## Supplied data

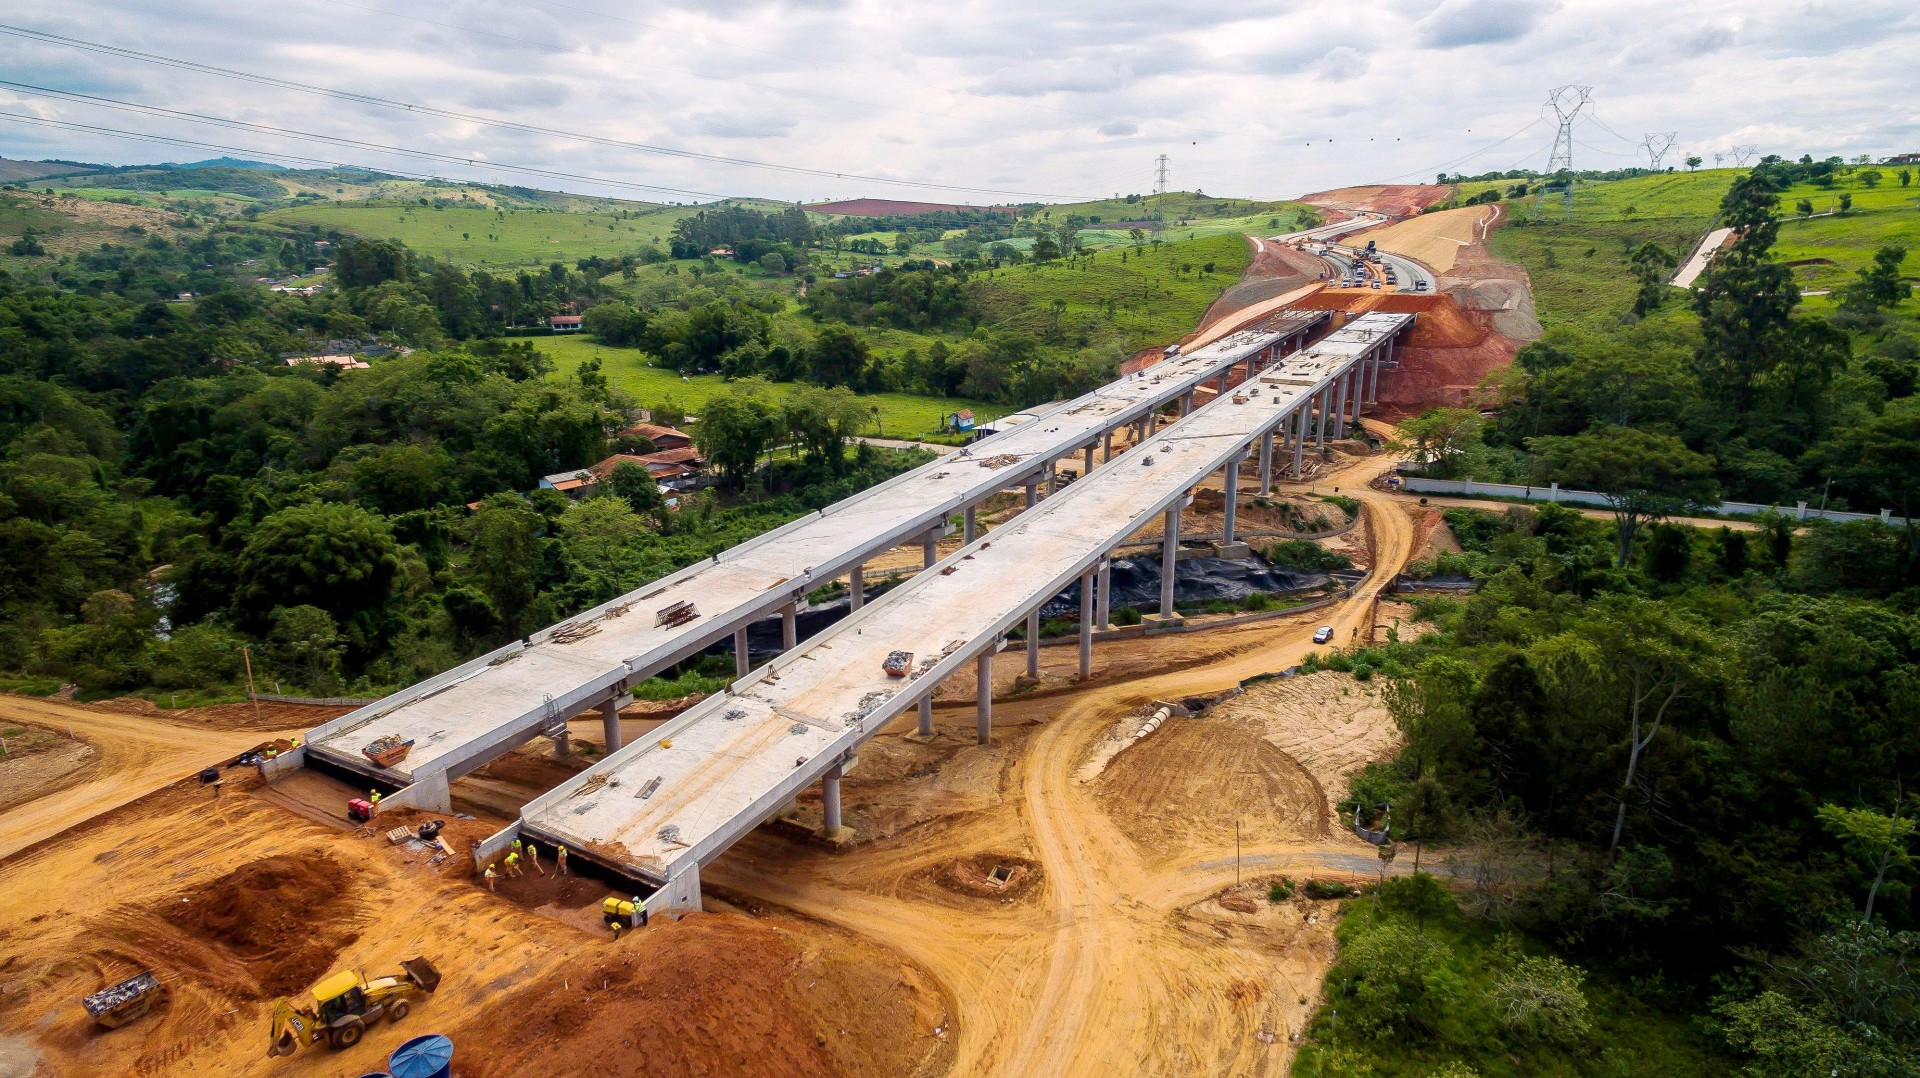 Construção industrializada do concreto adquiriu capacidade de suprir diversas demandas: da infraestrutura ao varejo. Crédito: Abcic
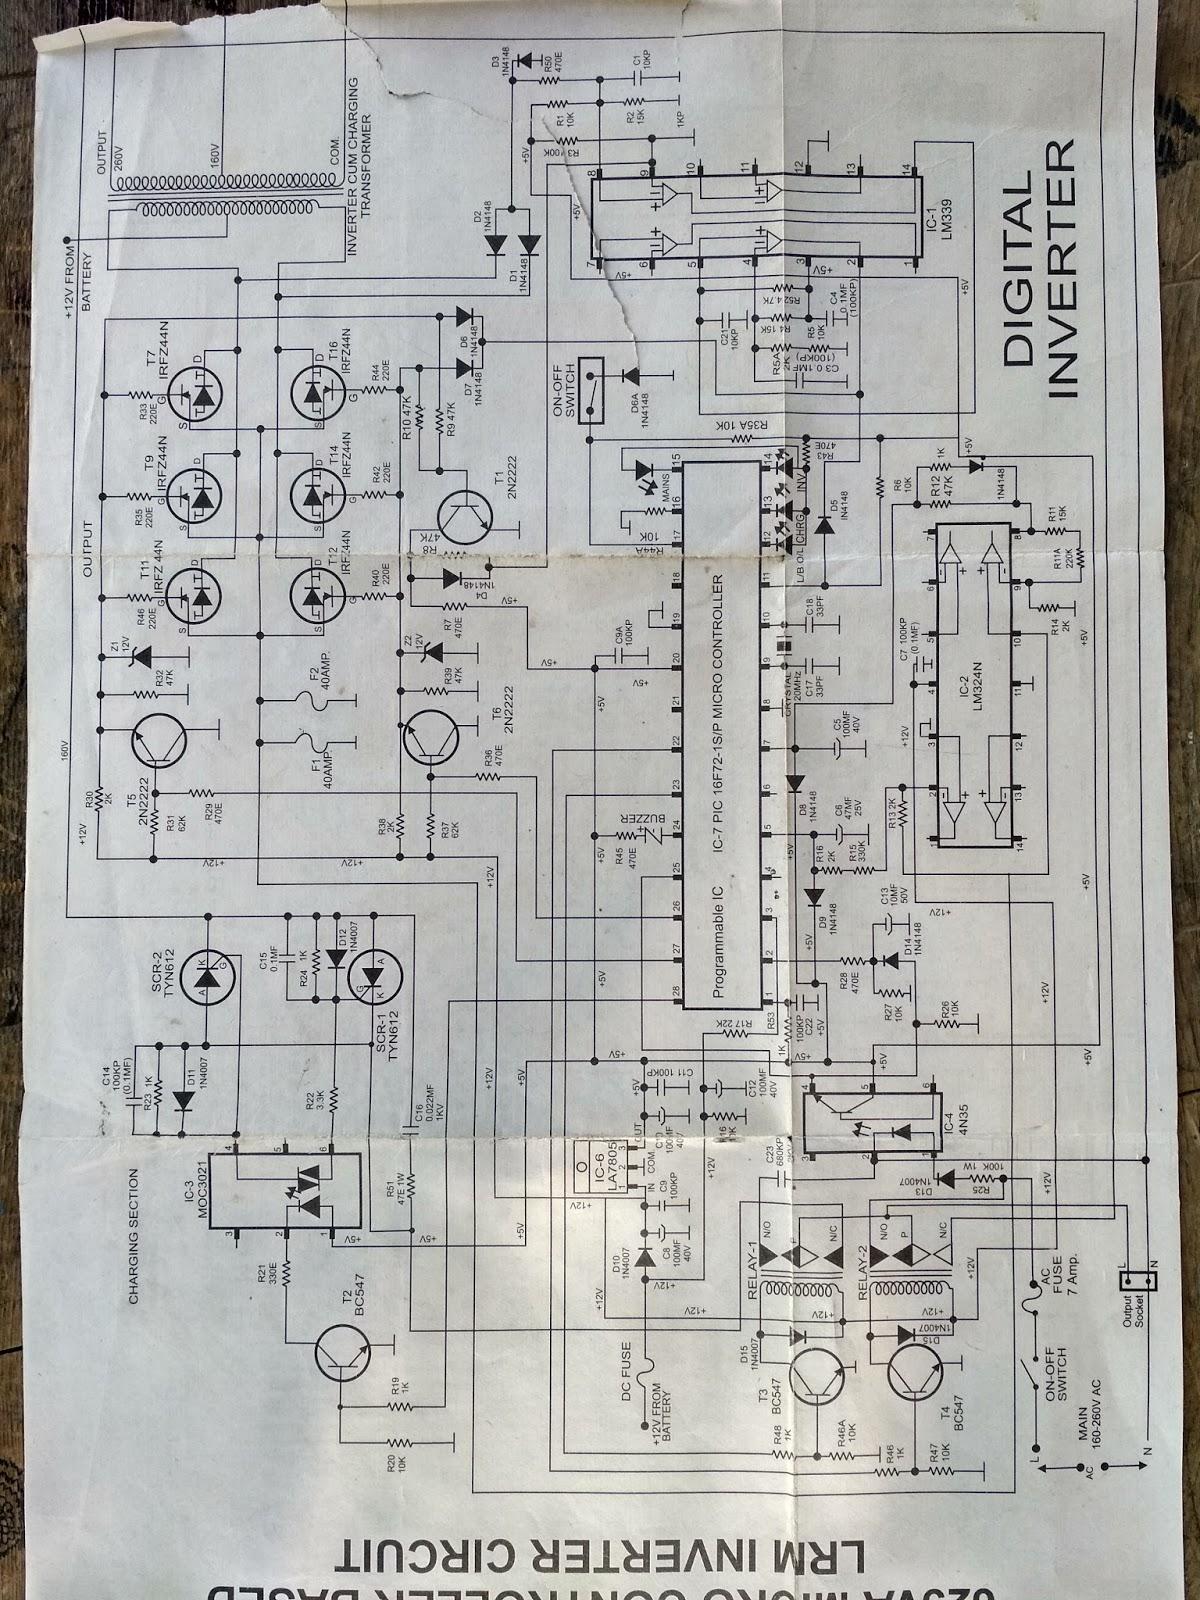 luminous old model inverter circuit diagram hd [ 1200 x 1600 Pixel ]
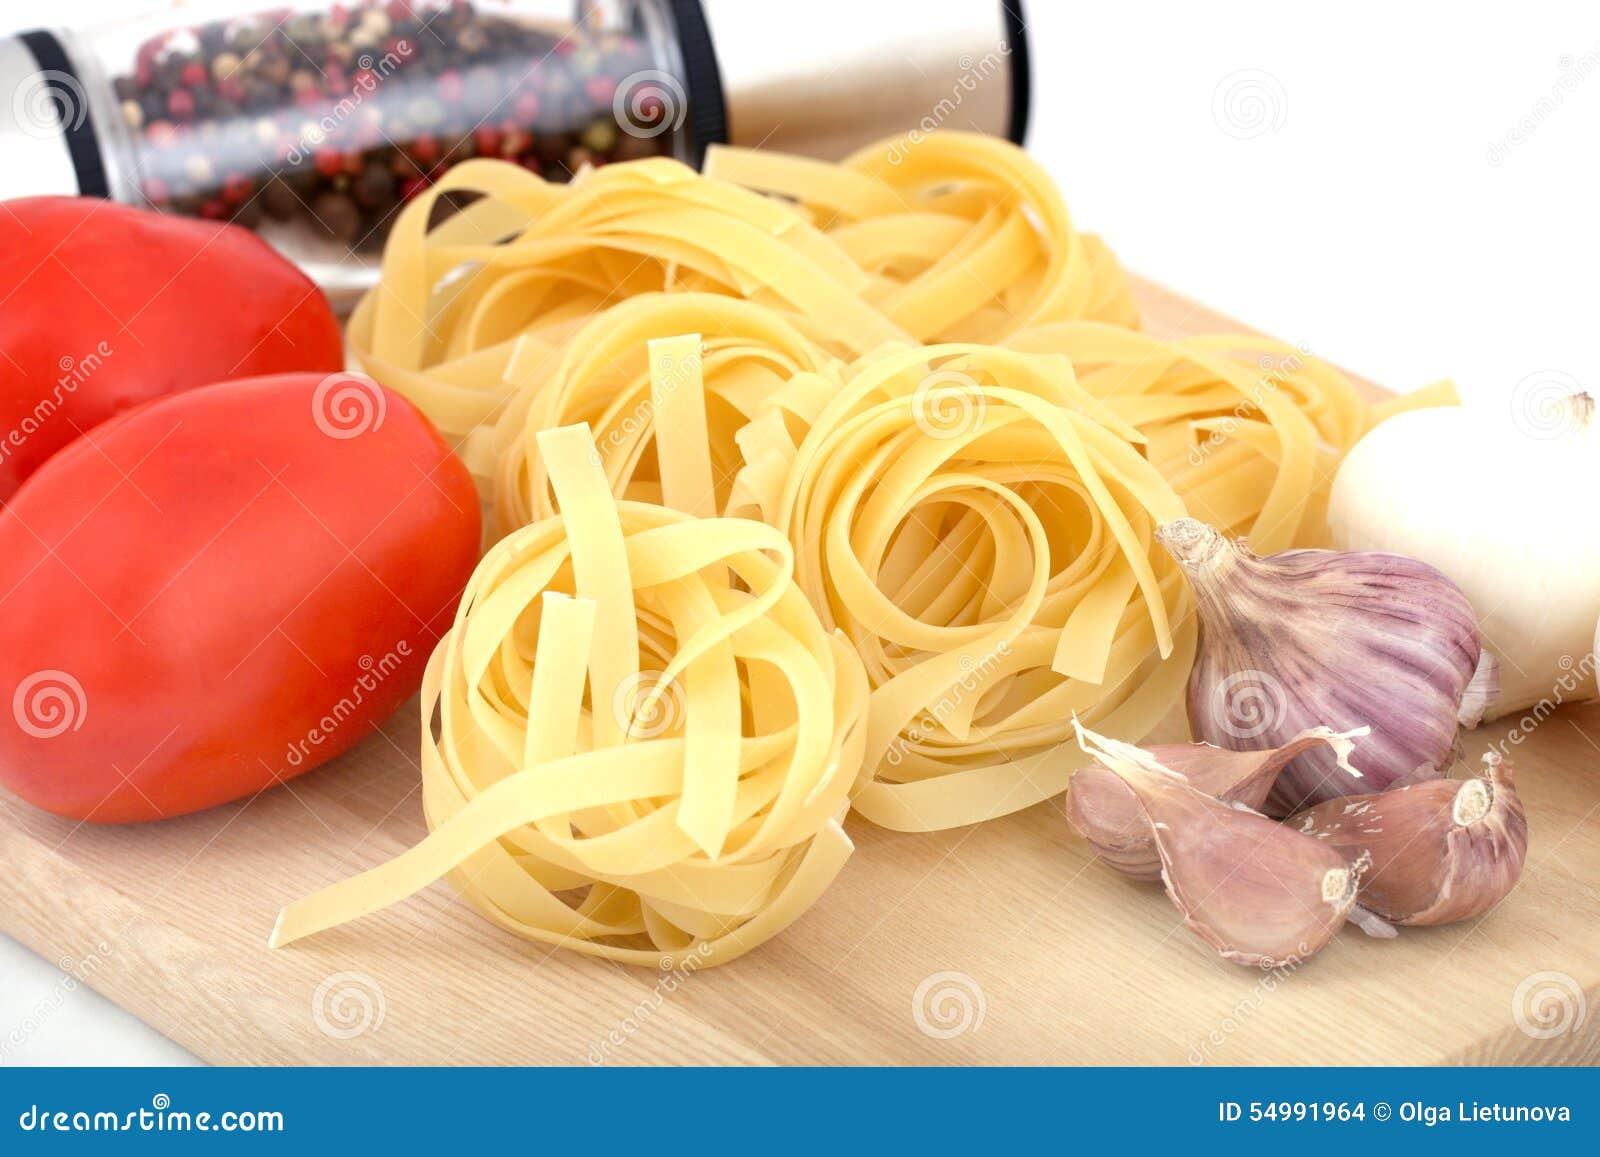 Förberedelse: pastatagliatelle, tomat, lök, peppar, vitlök

## Work to complete
Line by line, write out the material exactly, leaving the images out.

## Task response
 Construção industrializada do concreto adquiriu capacidade de suprir diversas demandas: da infraestrutura ao varejo. Crédito: Abcic
 luminous old model inverter circuit diagram hd [ 1200 x 1600 Pixel ]
 Förberedelse: pastatagliatelle, tomat, lök, peppar, vitlök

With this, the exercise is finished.